### [Exercise objective]
All lines from the one bearing "Травматология фото" through the end of the data below must be printed exactly as they stand, with pictures removed.
Segment Start: Data provided
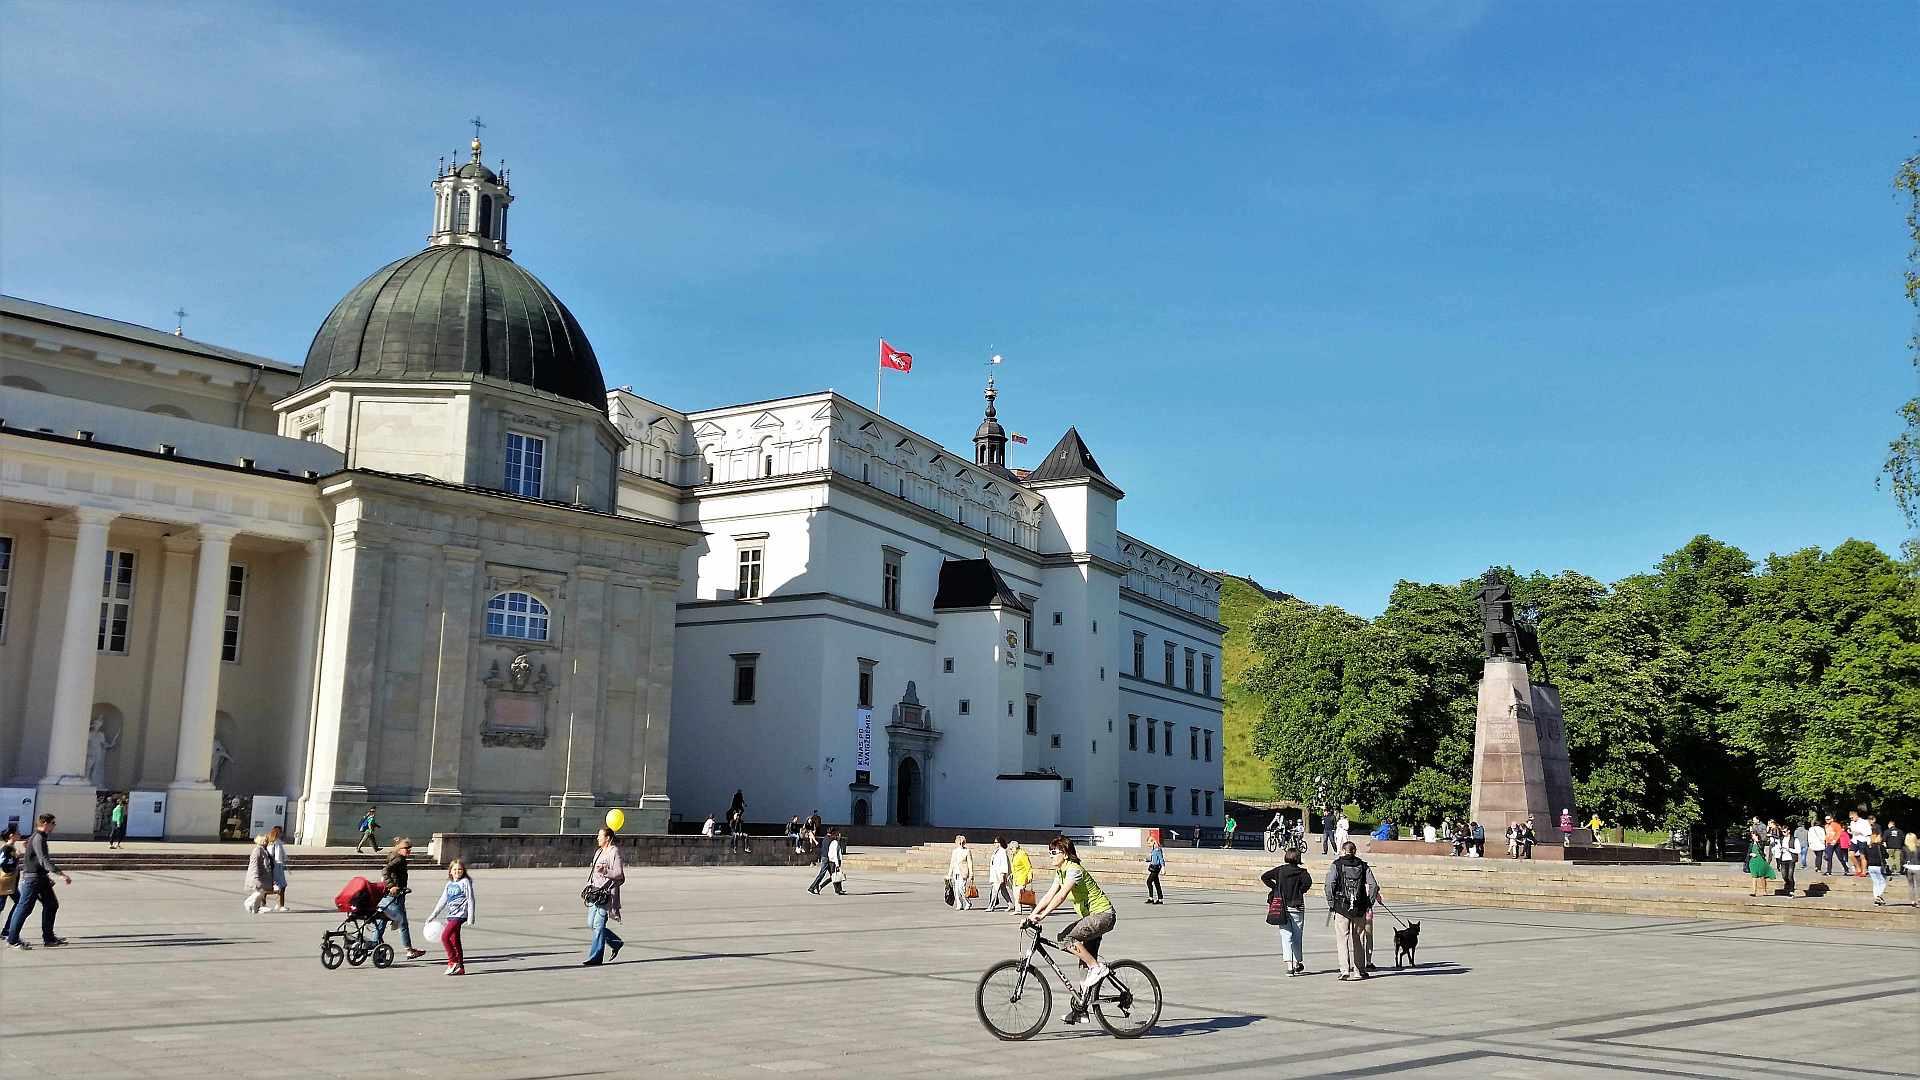 Cathedral square - Vilnius - trivo.ro
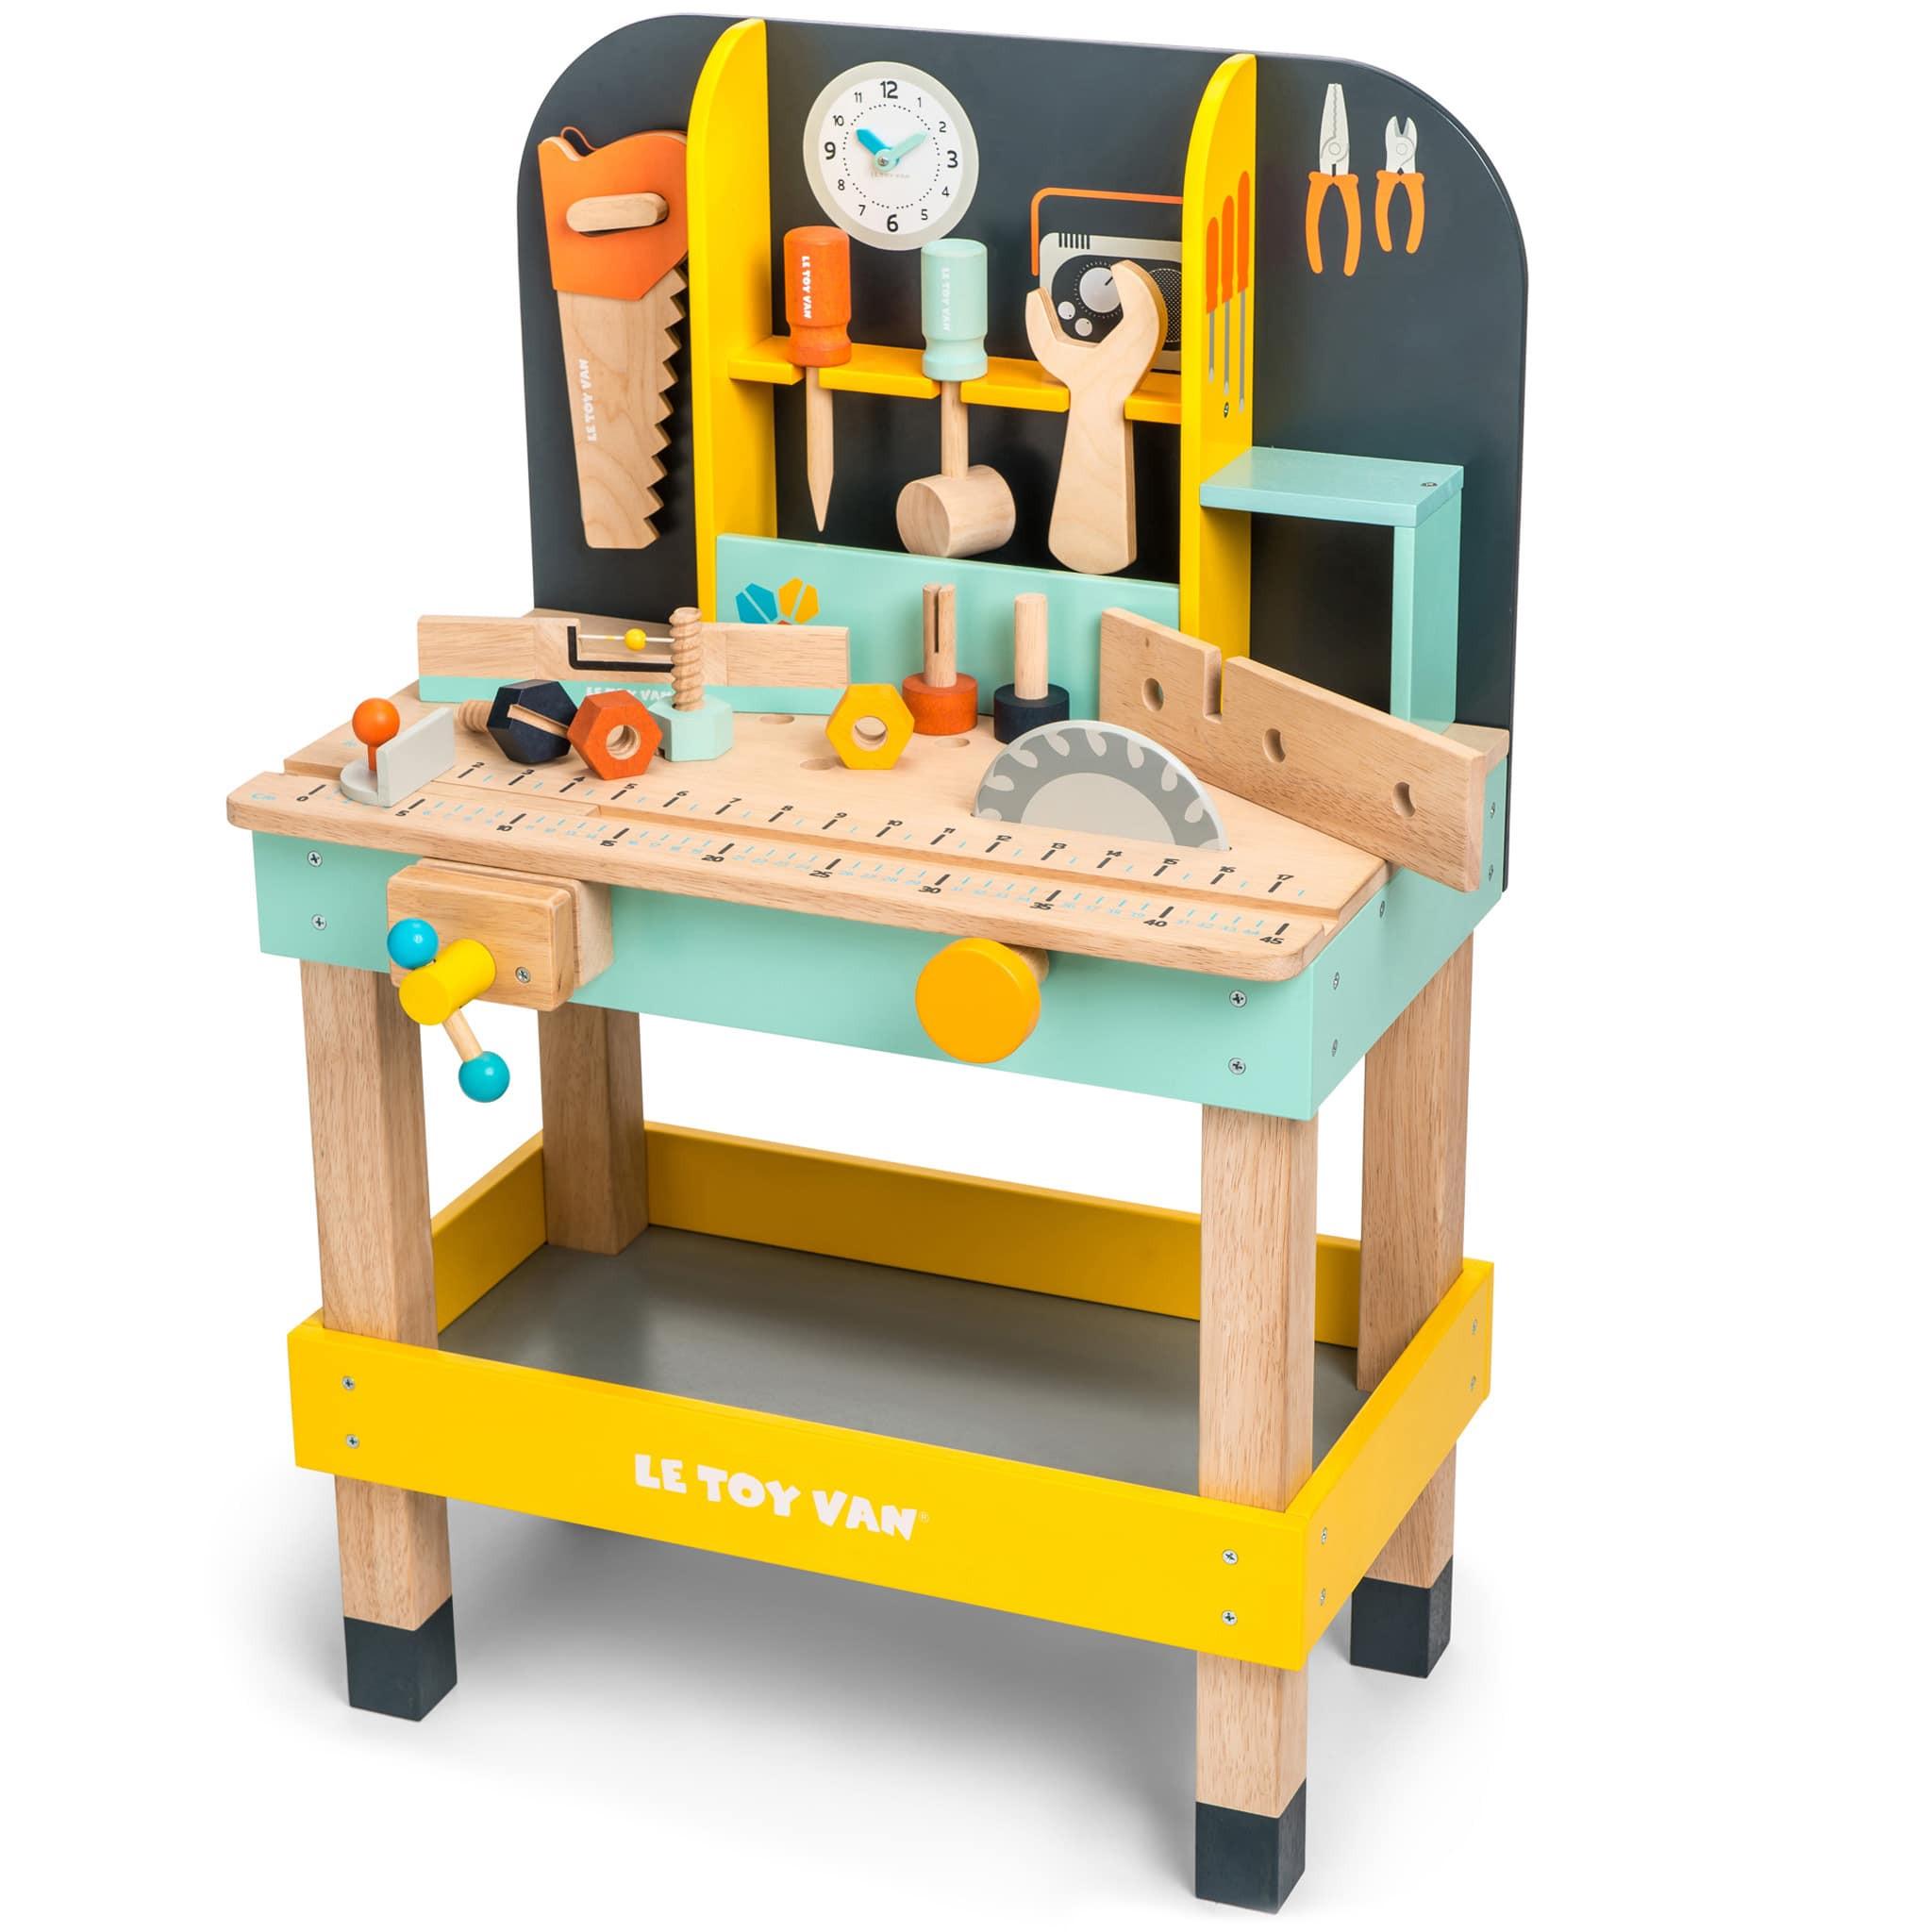 Le Toy Van L'établi de bricolage
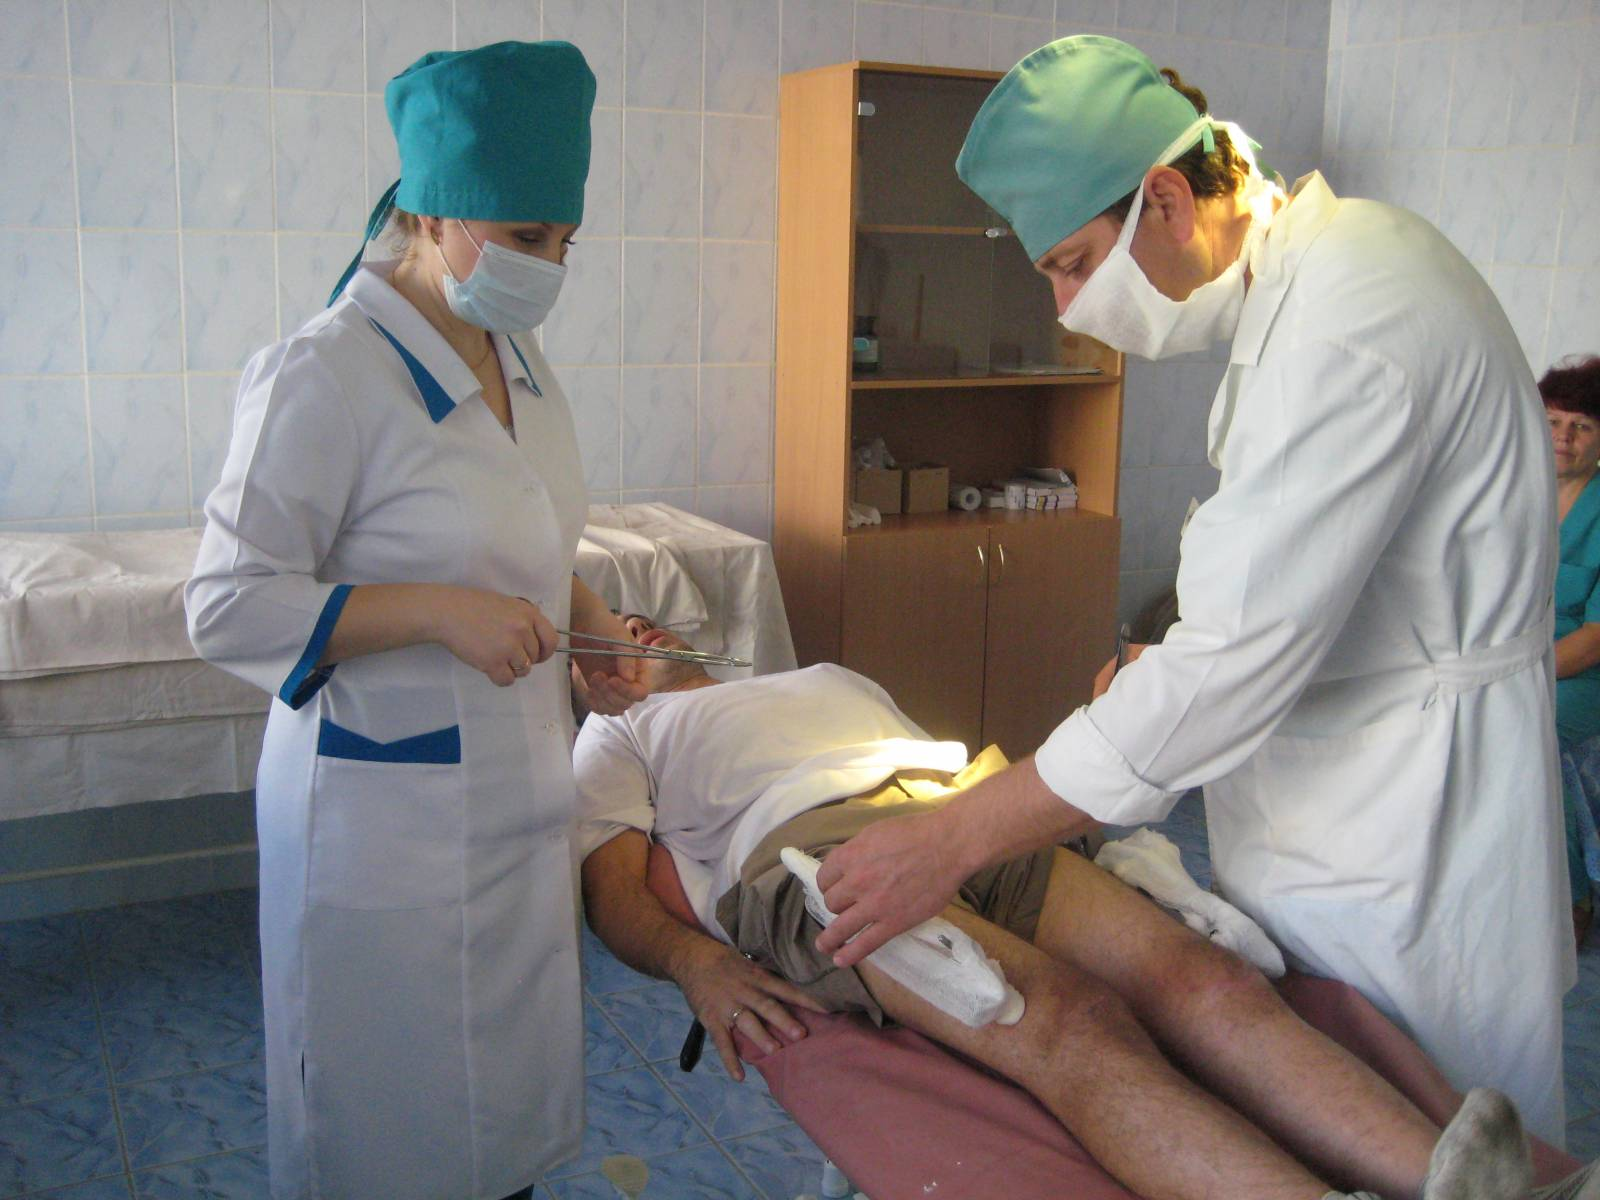 Травматология фото
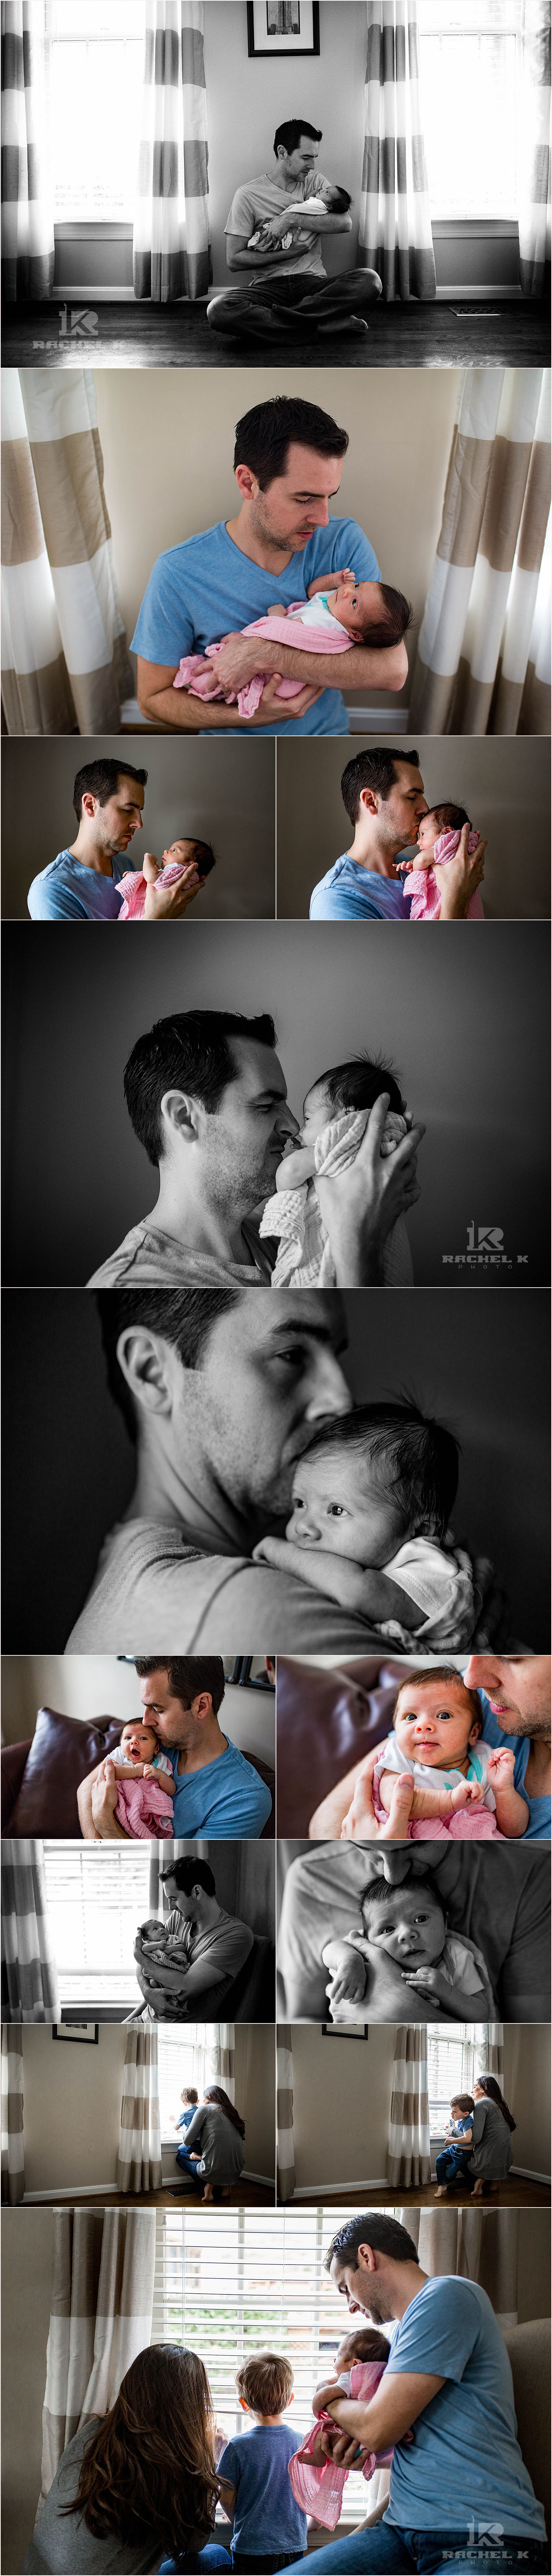 Newborn lifestyle photos by Rachel K Photo in Washington DC
Segment End: Data provided
### [The completed task]
 Травматология фото
 Newborn lifestyle photos by Rachel K Photo in Washington DC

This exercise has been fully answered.